Nad projektem zaangażowania więźniów do robót na rzecz społeczeństwa ma pracować resort sprawiedliwości. Do prac przymusowych miałaby zostać skierowana ponad połowa skazanych. Czy to się uda? Na przeszkodzie może stanąć Rada Europy i jej zalecenia dotyczące sposobu wykonywania kary więzienia.
Wesprzyj nas już teraz!
W ocenie dr. Piotra Kładocznego z Helsińskiej Fundacji Praw Człowieka, z którym rozmawiała stacja RMF FM, pomysł wysłania więźniów do pracy może zrodzić wiele problemów. Formuła pracy przymusowej ma być niezgodna z Europejskimi Regułami Więziennymi.

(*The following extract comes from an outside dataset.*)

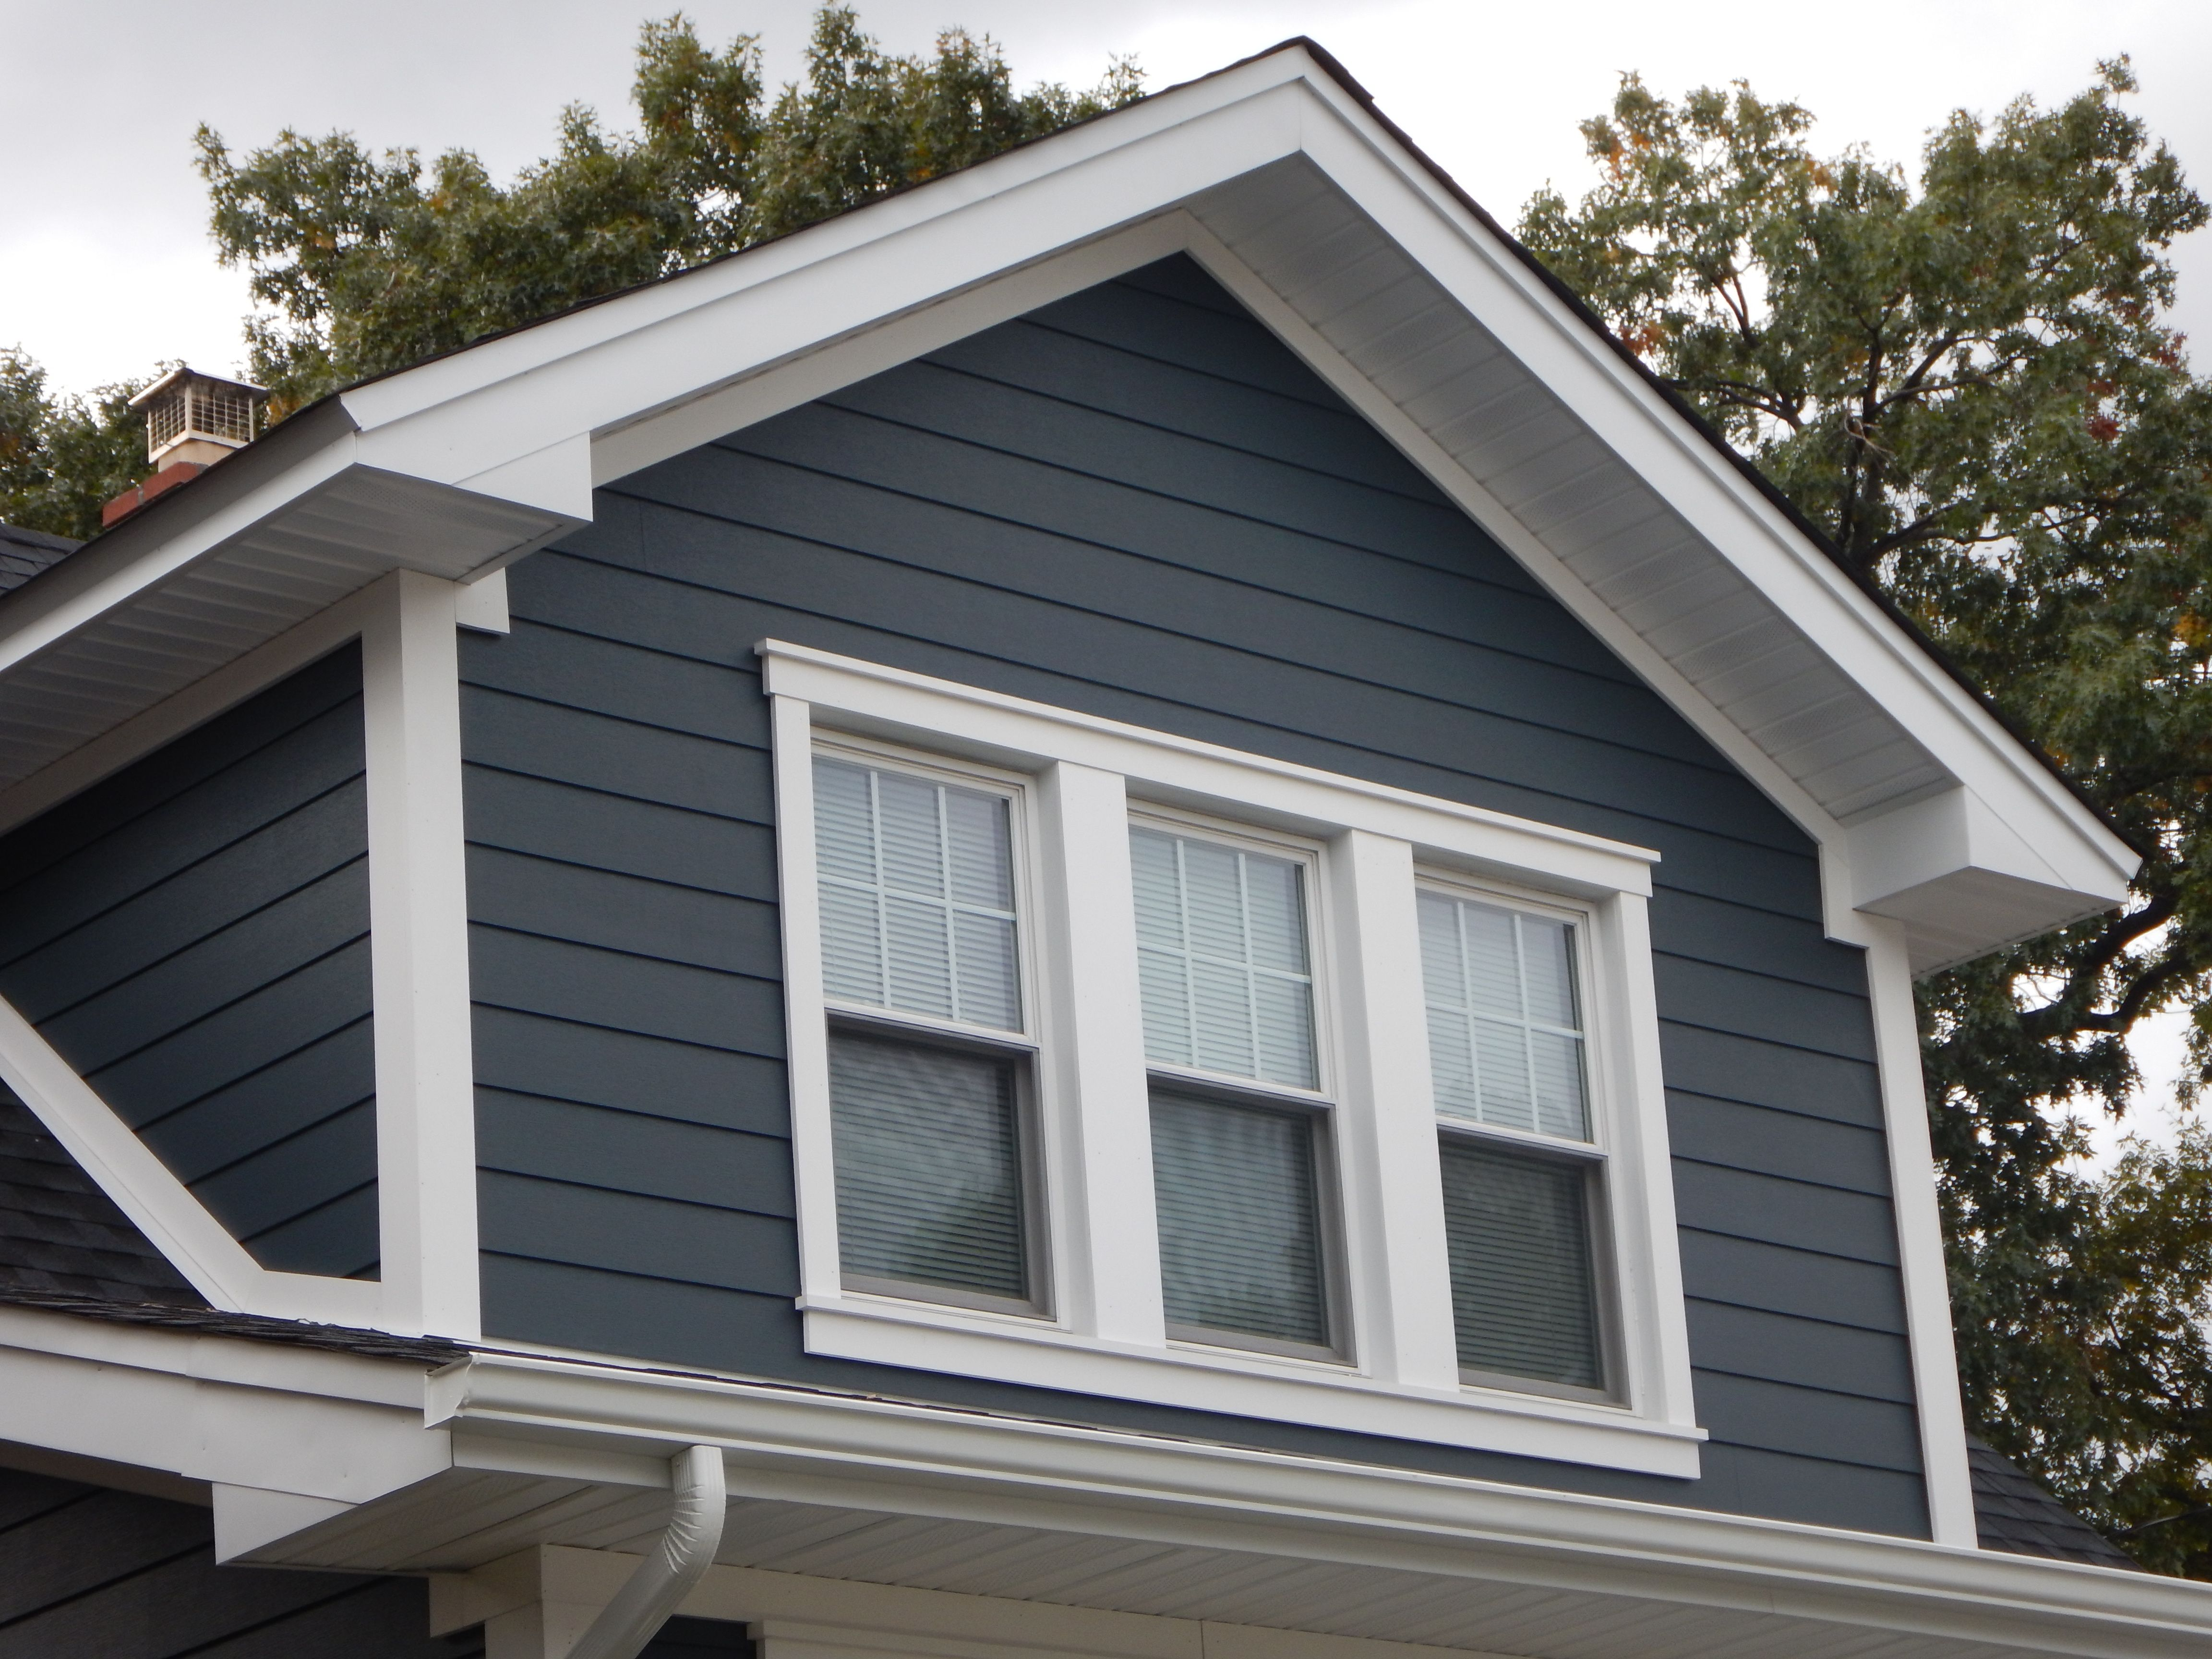 Find A Siding Contractor Passaic Local Sider Passaic Siding Replacement Passaic Modernhomes Free Est Window Trim Exterior Windows Exterior Outdoor Window Trim

Zgodnie bowiem z prezentowaną przez Radę Europy wizją sposobu wykonywania kary pozbawienia wolności, to podatnik utrzymuje osadzonych.
Zdaniem eksperta lewicowej organizacji, wprowadzenie w życie projektu resortu sprawiedliwości będzie generowało ogromne koszty związane z zatrudnieniem dodatkowych strażników, prowadzeniem szkoleń i zapewnieniem ubezpieczeń pracującym osadzonym.
Według RMF FM, plany Ministerstwa Sprawiedliwości zakładają skierowanie do przymusowego zatrudnienia ponad połowy skazanych na pozbawienie wolności. Więźniowie mieliby wykonywać prace na rzecz samorządów, między innymi roboty remontowe i opiekować się osobami starszymi. Projekt rozwiązania ma być przedstawiony na początku przyszłego roku.